Wednesday, March 16, 2011
The Wise Man Builds His House of Wode
A Wodehouse Miscellany by P.G. Wodehouse
My rating: 4 of 5 stars
This collection I found to be hit and miss. However, Wodehouse is hard for me to judge, rather the same way that I would have difficulty distinguishing between Zoltan Kocsis and Lang Lang (may God and Mr. Appel forgive me for mentioning them in the same breath): I haven't yet fully developed the taste for Rachmaninov that I shall one day have, and therefore I don't have sufficient authority, either as a professional or as a lover, to intelligently discern betwixt the magnificent and the technically correct.
All this aside, Wodehouse is hilarious. He can't help but be hilarious. When he describes his ears as being large and "attached at right angles" and his overall appearance as tending toward the ailing piscine, I have a very justifiable reason to giggle at the image.
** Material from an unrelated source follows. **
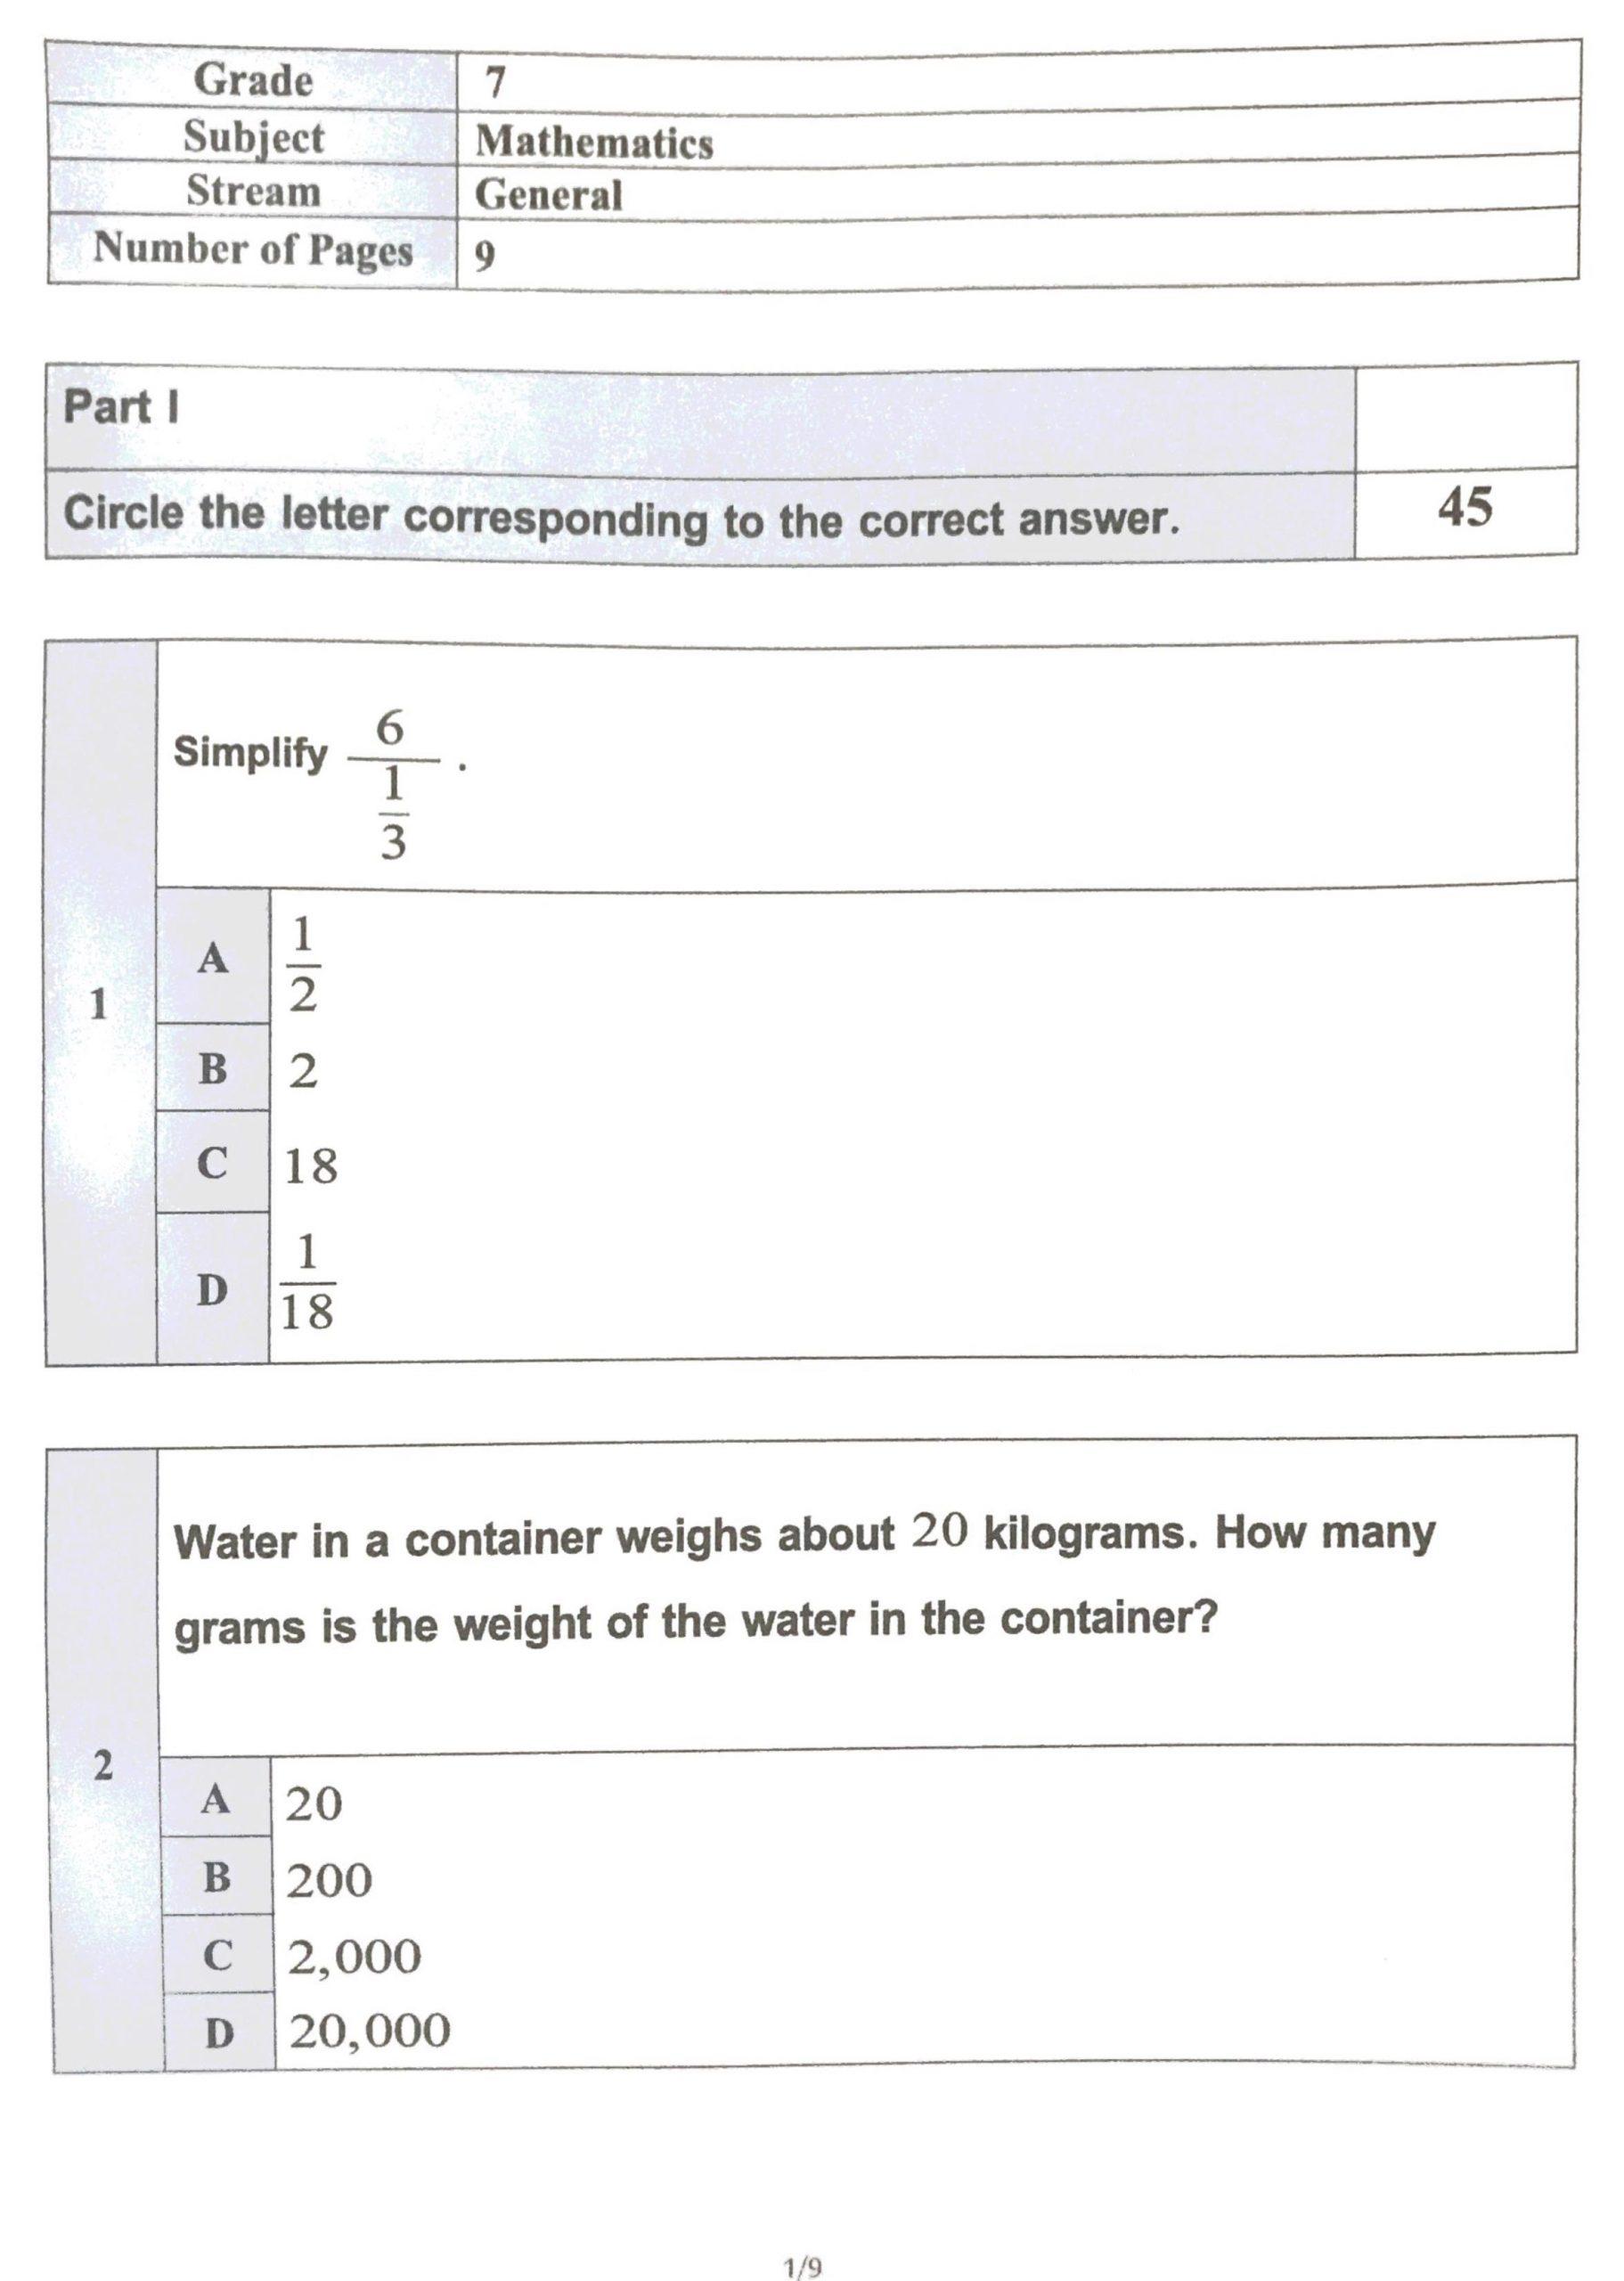 امتحان نهاية الفصل الاول 2019-2020 بالانجليزي الصف السابع مادة الرياضيات المتكاملة

When he describes the seventh of his nine holes of indoor golf, I lose a solid half-pound in burned calories and discover exactly what new colours appear after abstaining from air for forty seconds. (Leave it to Psmith is still my all time favorite comic work, particularly the application of socialist principles to an especially fine umbrella.) So, perhaps my taste is still developing and I shall look back on this as one of his greater works. Also, the application of wax to a floor is not particularly conducive to the appreciation of nuanced dry humour, but I still fear that this collection was not exactly his greatest.
Still, even with my lack of palate, I cannot overemphasize the playful joy of his prose: "Moths had nested in his wallet and raised large families," or, "he was a tubby chap, who looked as if he had been poured into his clothes and had forgotten to say when," or, "he looked ever more like a pterodactyl with a secret sorrow." Wodehouse is a necessary ingredient for a happy life. Just take care if you are reading him at the breakfast table that you take bites between sentences, and not in the midst of them, for his jokes be not of ruth and they enter the scenes as silently as Jeeves.